What you will do — From the records below, extract only the lines running from the line with "50 pcs gros" to the line with "A Persian Silhouette", both lines included, reproducing them exactly.

Source material —

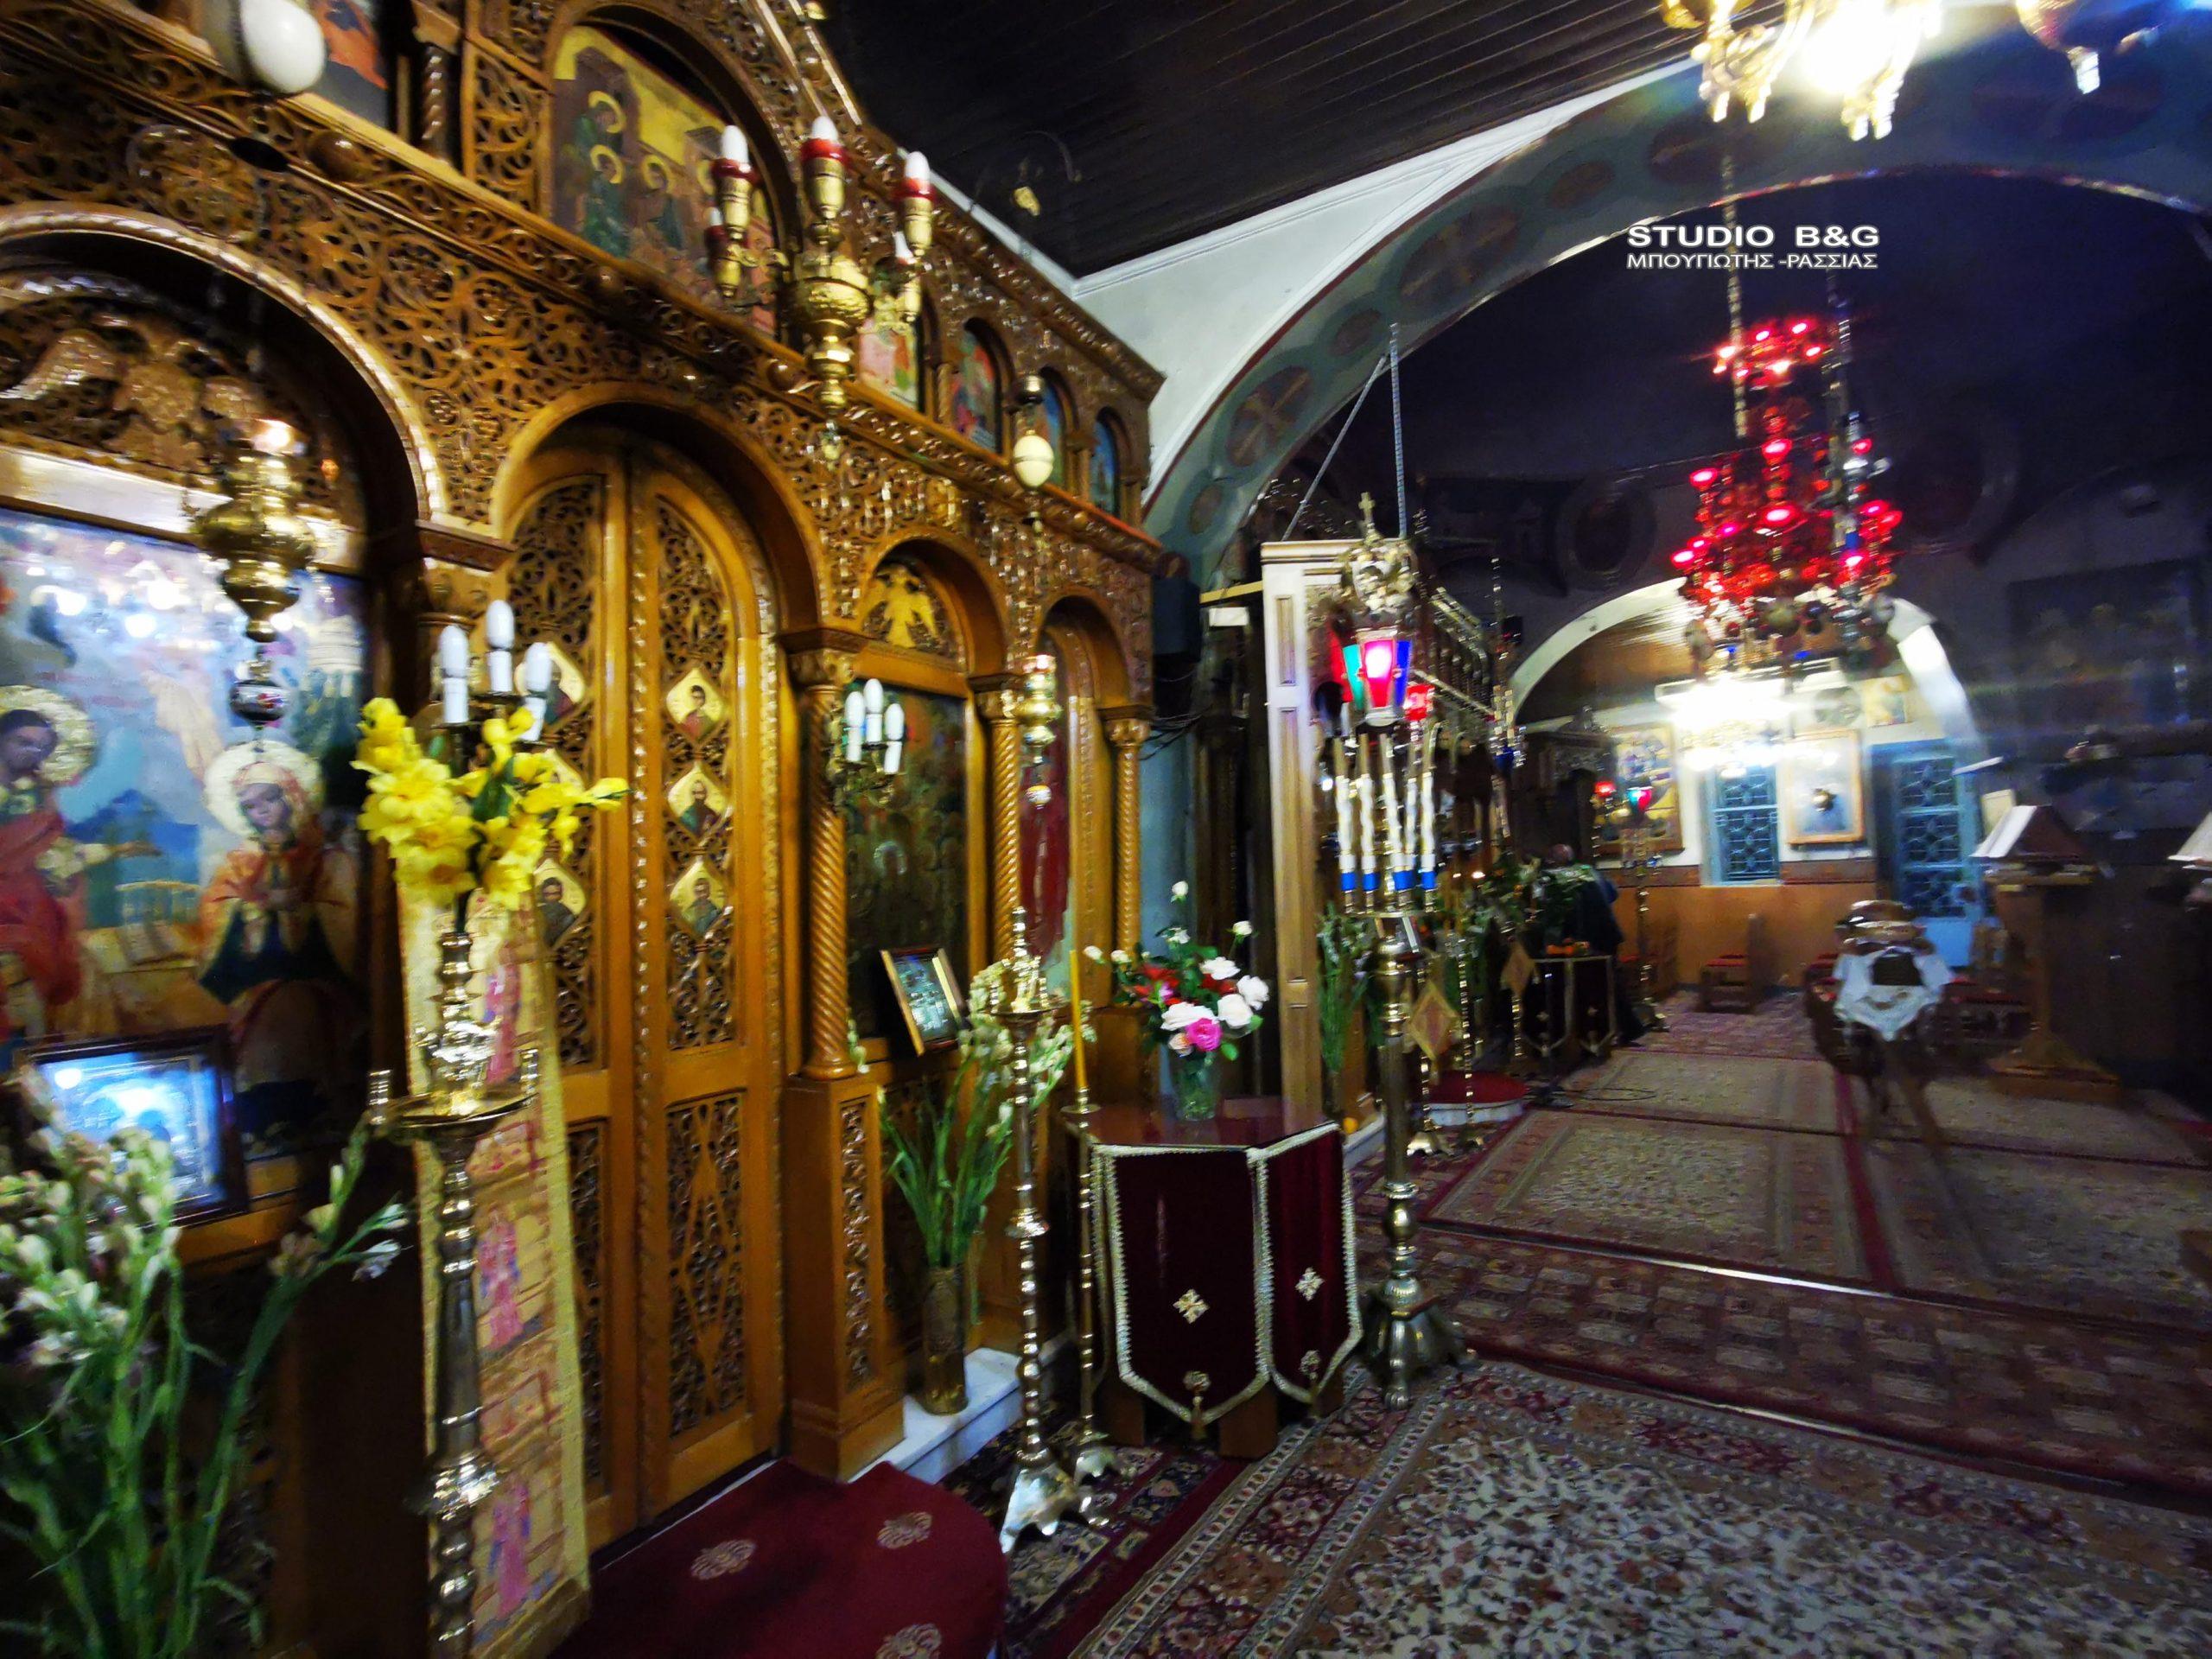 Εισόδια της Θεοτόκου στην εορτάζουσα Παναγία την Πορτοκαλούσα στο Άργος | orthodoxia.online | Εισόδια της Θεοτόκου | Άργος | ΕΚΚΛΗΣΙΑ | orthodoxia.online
* * *
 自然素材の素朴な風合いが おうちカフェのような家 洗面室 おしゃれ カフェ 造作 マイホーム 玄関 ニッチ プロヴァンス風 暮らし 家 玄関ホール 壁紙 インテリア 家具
---
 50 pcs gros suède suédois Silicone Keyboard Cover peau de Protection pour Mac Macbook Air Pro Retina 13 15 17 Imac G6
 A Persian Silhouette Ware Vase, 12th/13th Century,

Exercise output —
 50 pcs gros suède suédois Silicone Keyboard Cover peau de Protection pour Mac Macbook Air Pro Retina 13 15 17 Imac G6
 A Persian Silhouette Ware Vase, 12th/13th Century,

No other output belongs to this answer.